Square \frac{11}{60} by squaring both the numerator and the denominator of the fraction.

x^{2}+\frac{11}{30}x+\frac{121}{3600}=\frac{289}{3600}

Add \frac{7}{150} to \frac{121}{3600} by finding a common denominator and adding the numerators. Then reduce the fraction to lowest terms if possible.

\left(x+\frac{11}{60}\right)^{2}=\frac{289}{3600}

Factor x^{2}+\frac{11}{30}x+\frac{121}{3600}. In general, when x^{2}+bx+c is a perfect square, it can always be factored as \left(x+\frac{b}{2}\right)^{2}.

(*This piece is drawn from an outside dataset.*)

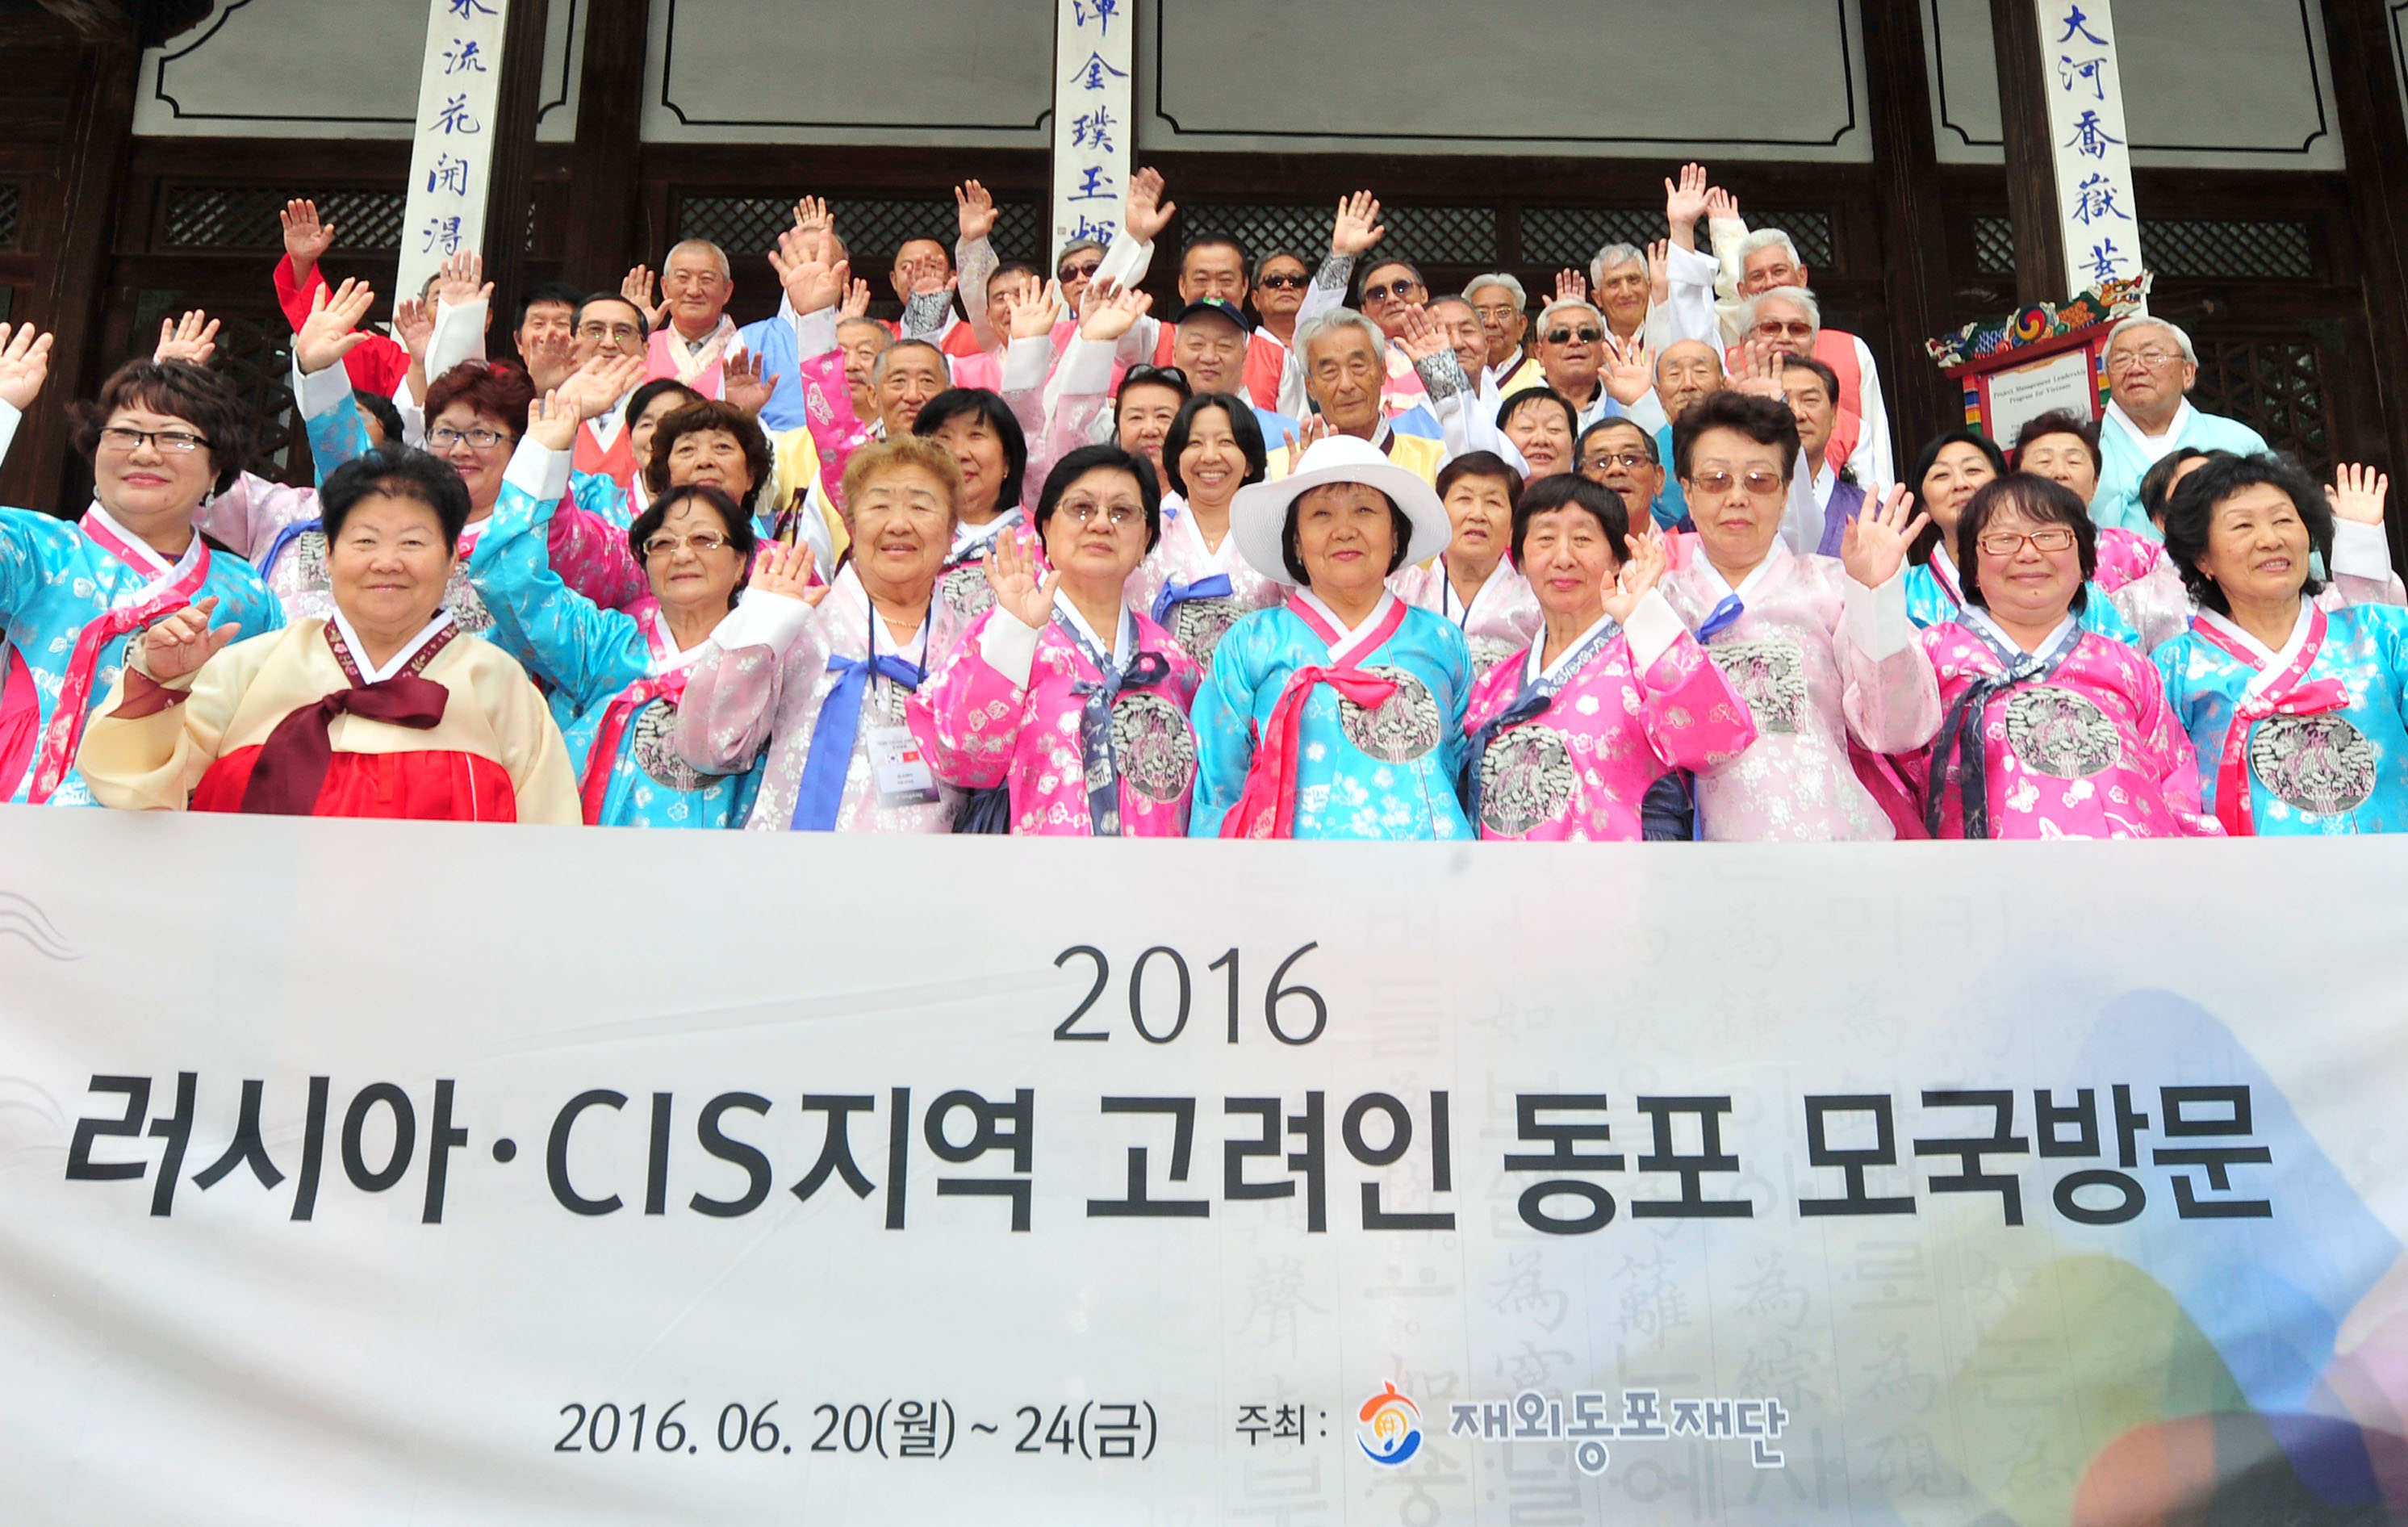 러시아CIS지역동포초청사업_처음온 한국에서 처음 입어보는 한복! 즐겁고 행복합니다.jpg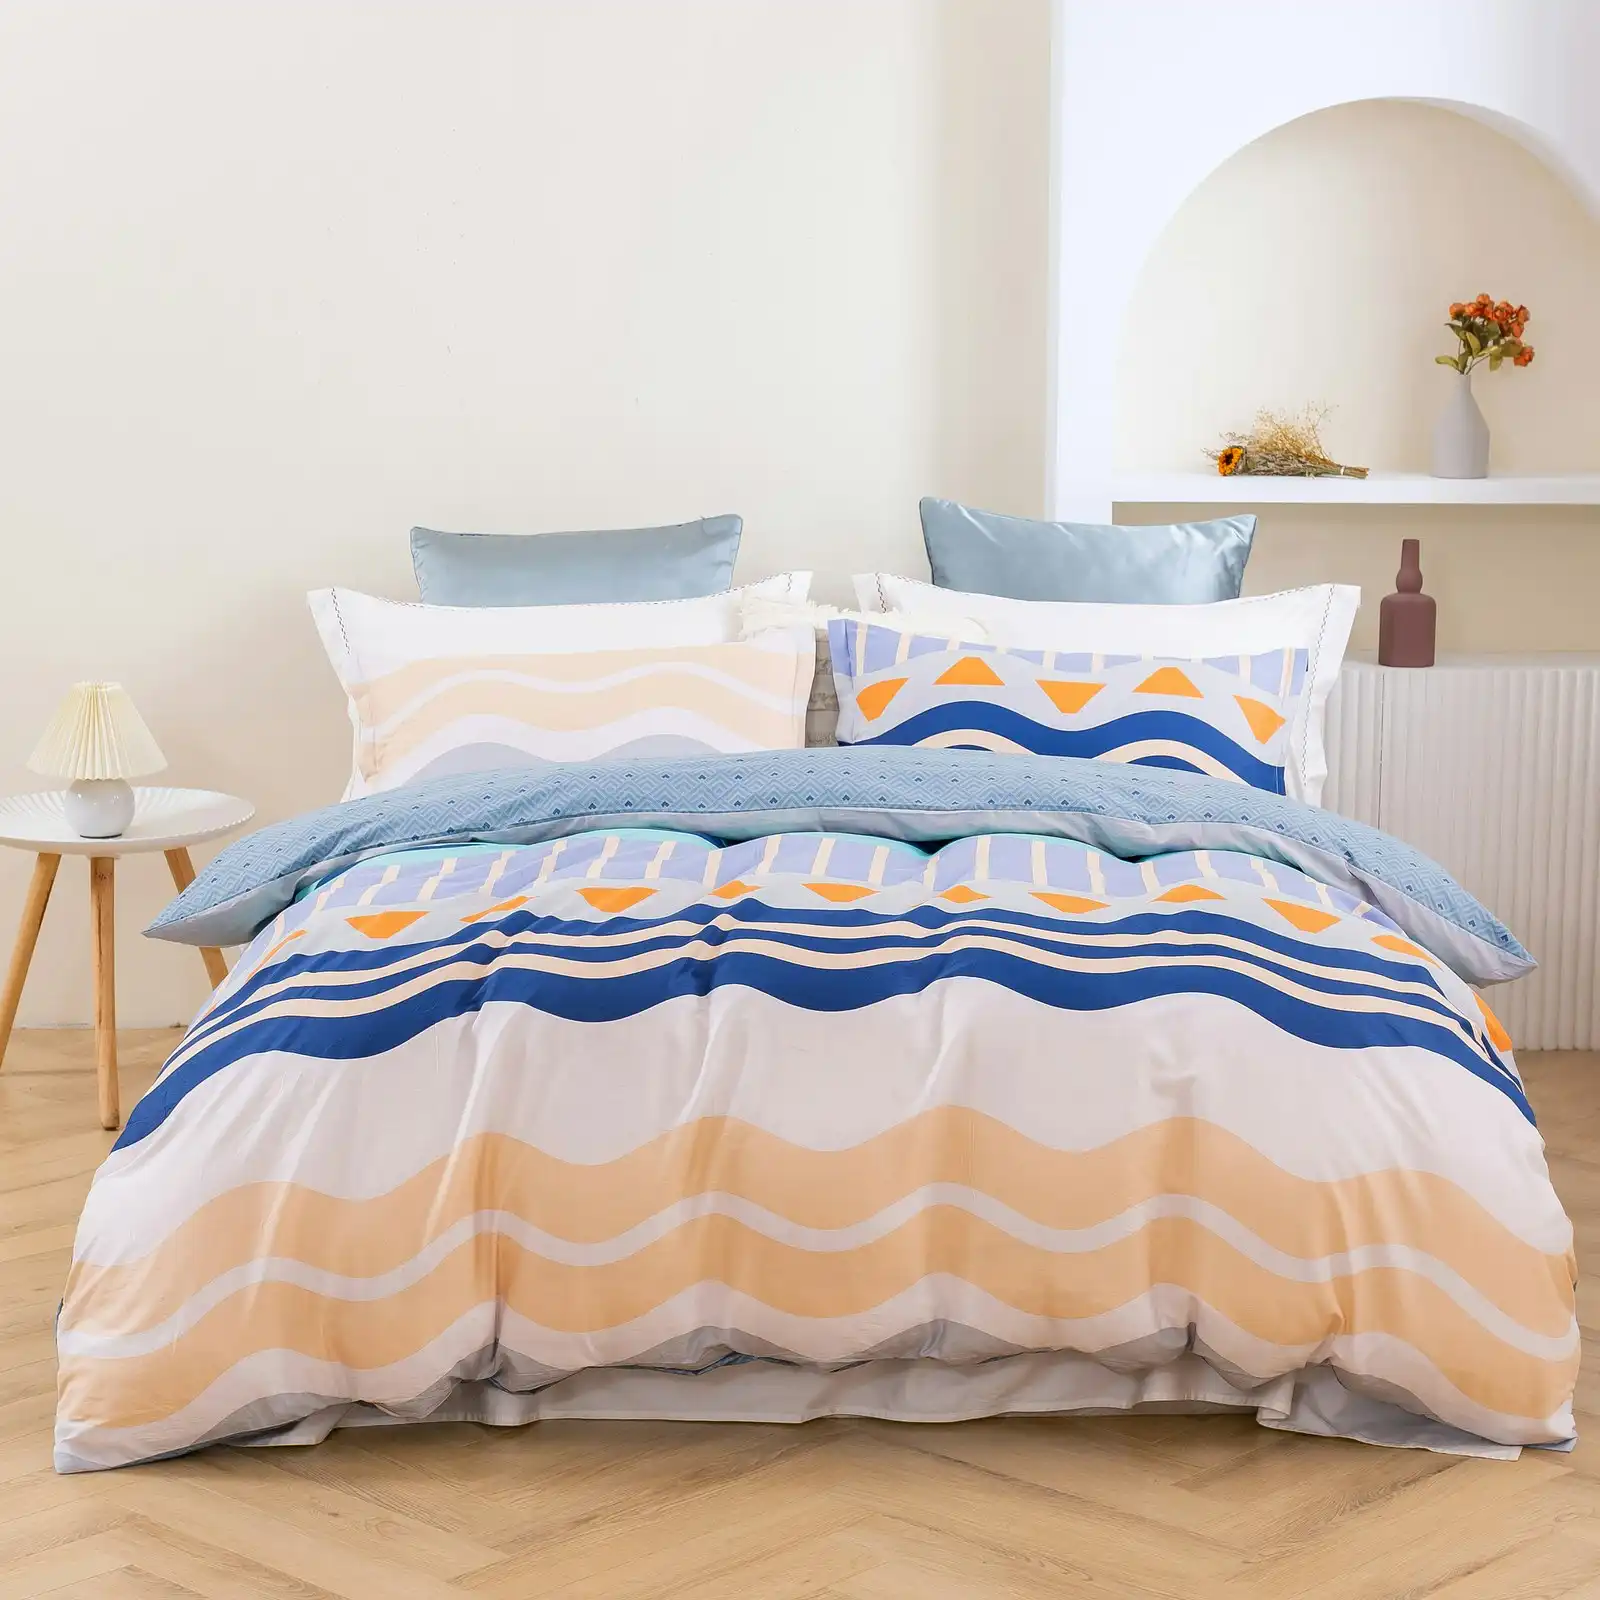 Dreamaker Capri 100% Cotton Reversible Quilt Cover Set Queen Bed

\sqrt{\left(x+\frac{11}{60}\right)^{2}}=\sqrt{\frac{289}{3600}}

Take the square root of both sides of the equation.

x+\frac{11}{60}=\frac{17}{60} x+\frac{11}{60}=-\frac{17}{60}

Simplify.

x=\frac{1}{10} x=-\frac{7}{15}

Subtract \frac{11}{60} from both sides of the equation.